Count how many times each category appears in a list of labels. The naive loop seeds each new key with 0 the first time it is seen, then increments it on every visit. The replay shows counts growing one key at a time.

By hand

The Pythonic way

Counter(labels) does the same counting in one call, returning a Counter subclass of dict.

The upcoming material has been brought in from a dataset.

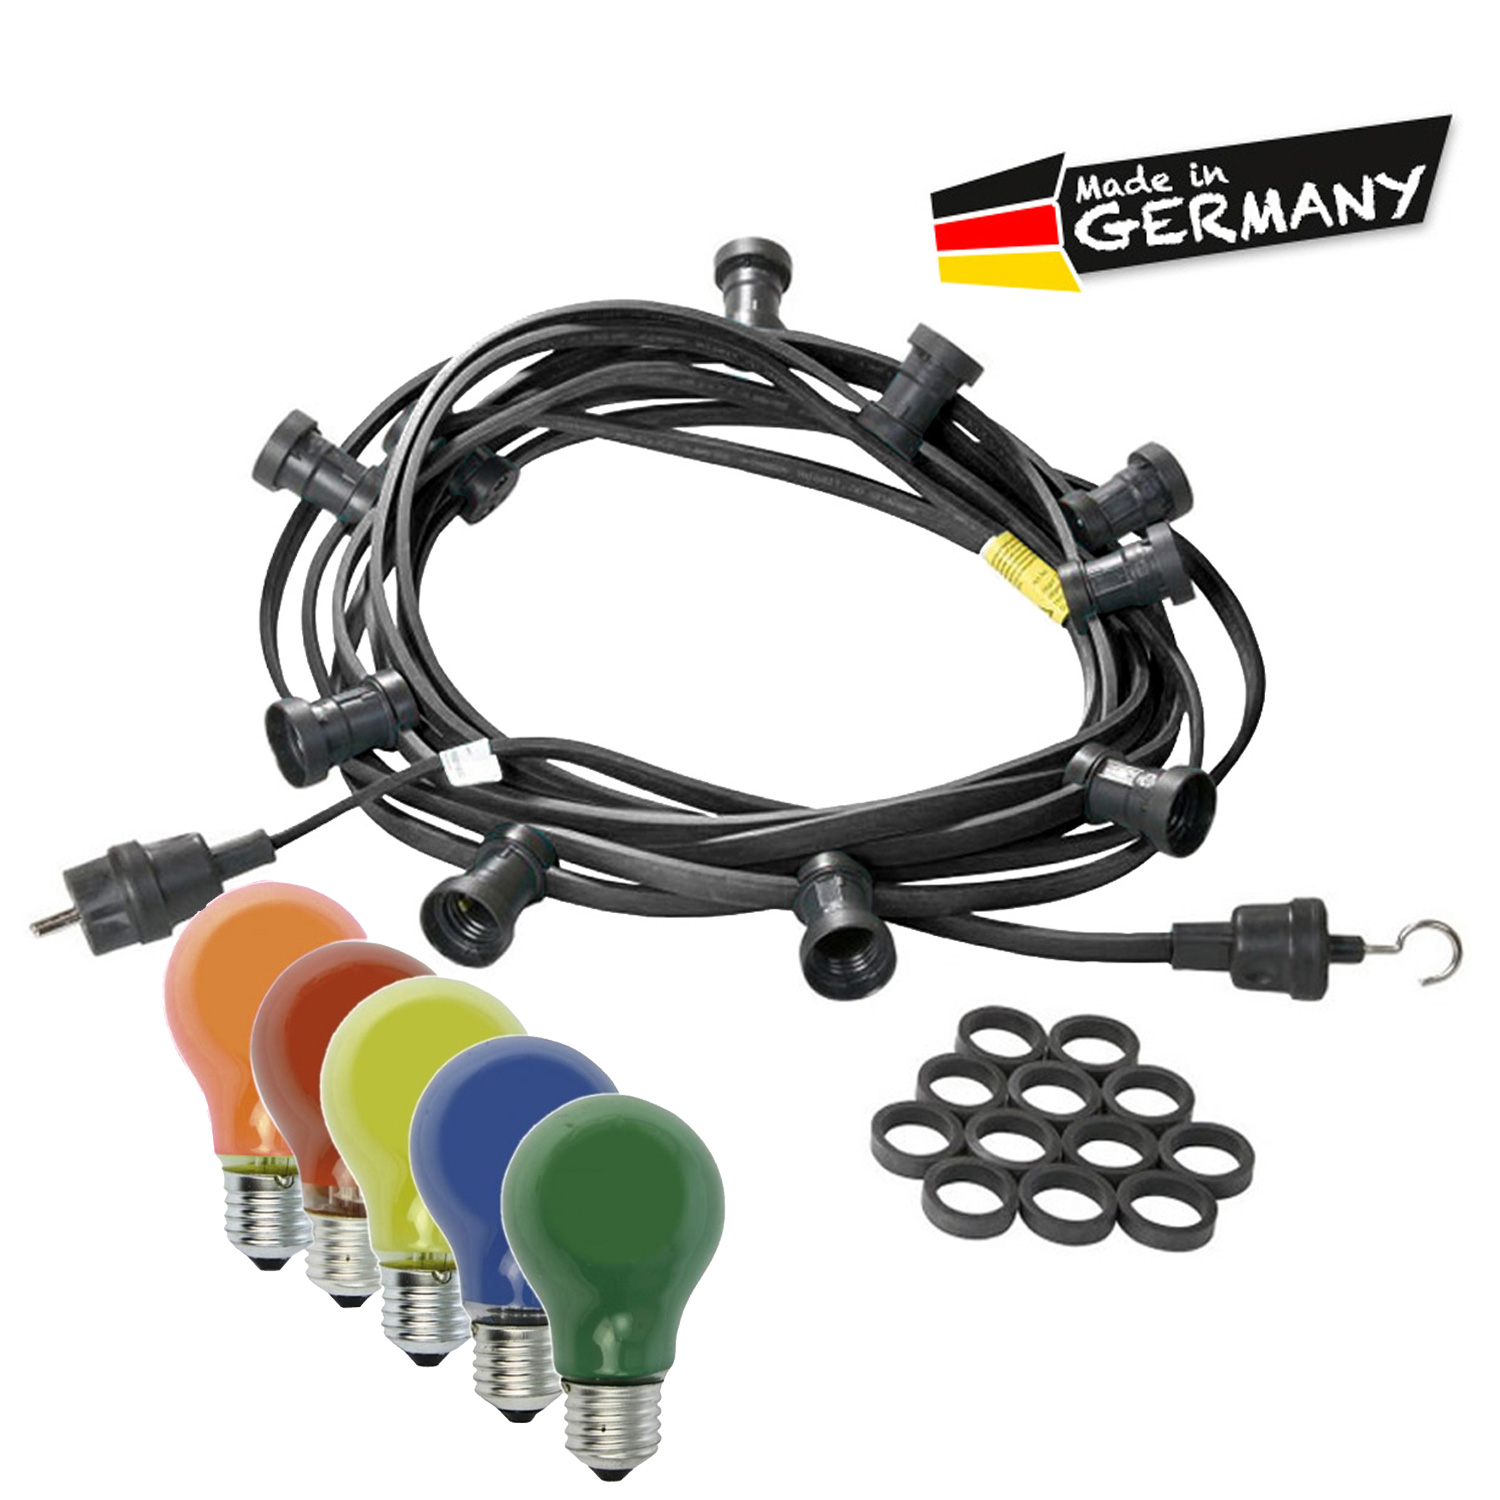 Illu-/Partylichterkette 30m - Außenlichterkette schwarz - Made in Germany - 50 bunte 25W Glühlampen
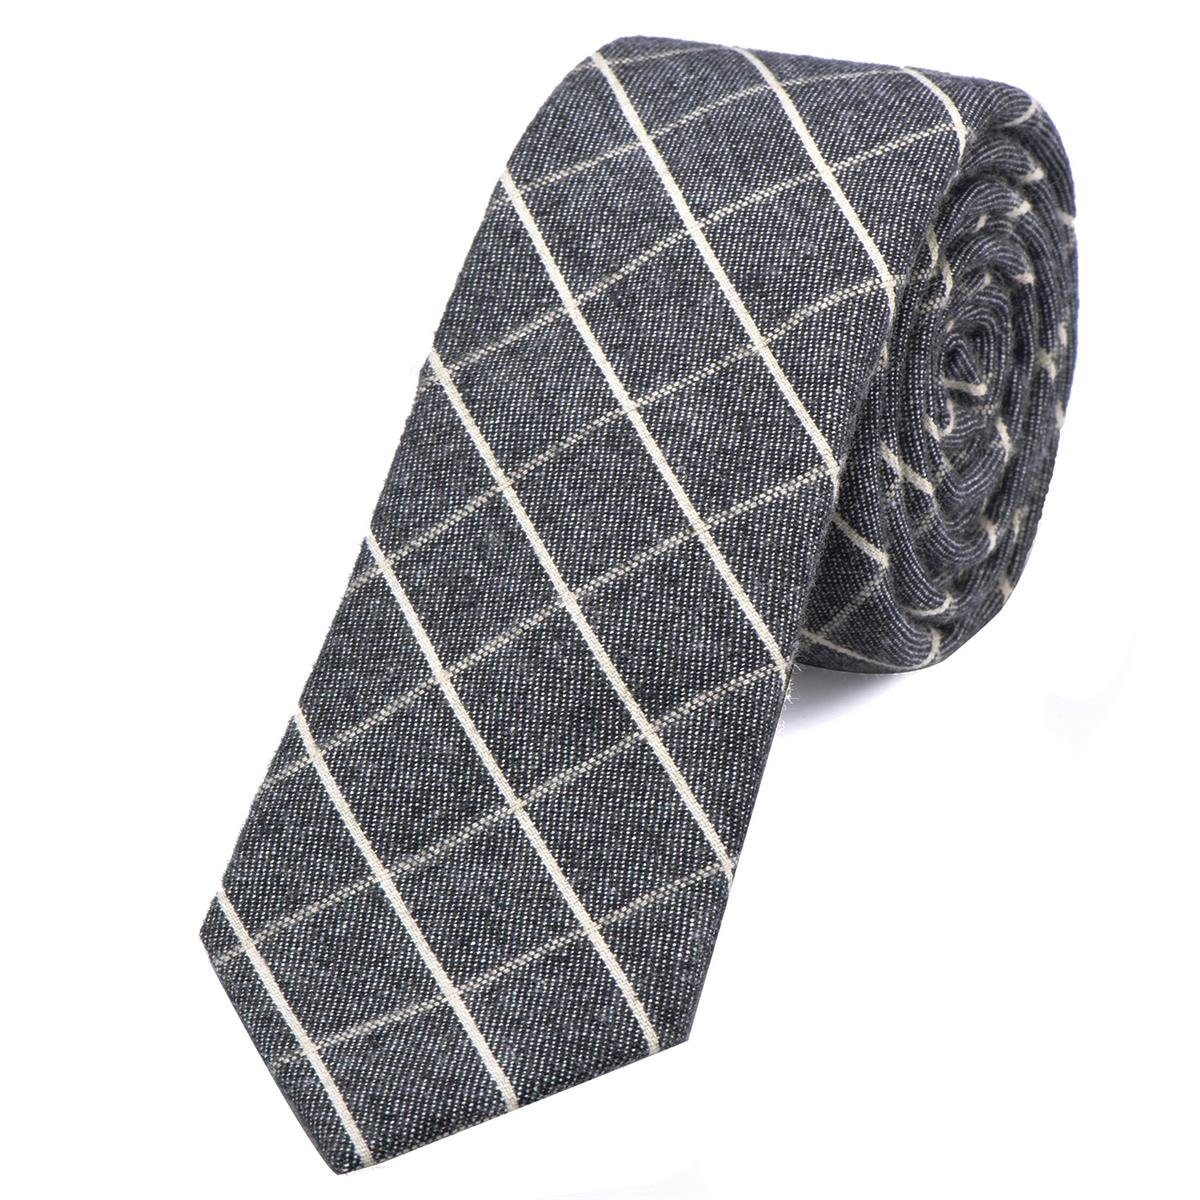 DonDon Krawatte Herren Krawatte 6 cm mit Karos oder Streifen (Packung, 1-St., 1x Krawatte) Baumwolle, kariert oder gestreift, für Büro oder festliche Veranstaltungen grau-weiß kariert

Sorting the keys before printing ensures a deterministic RESULT regardless of insertion order.

naive.py
labels = ['a', 'b', 'a', 'c', 'b', 'a', 'b', 'a']
counts = {}
for x in labels:
    if x not in counts:
        counts[x] = 0
    counts[x] = counts[x] + 1
print('RESULT:', {k: counts[k] for k in sorted(counts)})
library.py
from collections import Counter
labels = ['a', 'b', 'a', 'c', 'b', 'a', 'b', 'a']
counts = Counter(labels)
print('RESULT:', {k: counts[k] for k in sorted(counts)})
RESULT: {'a': 4, 'b': 3, 'c': 1}

Implementation notes

  • counts grows in insertion order (a first, then b, then c); the printed RESULT uses a comprehension over sorted(counts) to give alphabetical order regardless.
  • Counter also supports counts.most_common() for frequency-sorted output, and arithmetic between counters.
  • The if x not in counts: counts[x] = 0 idiom is equivalent to counts.setdefault(x, 0) or counts.get(x, 0) + 1.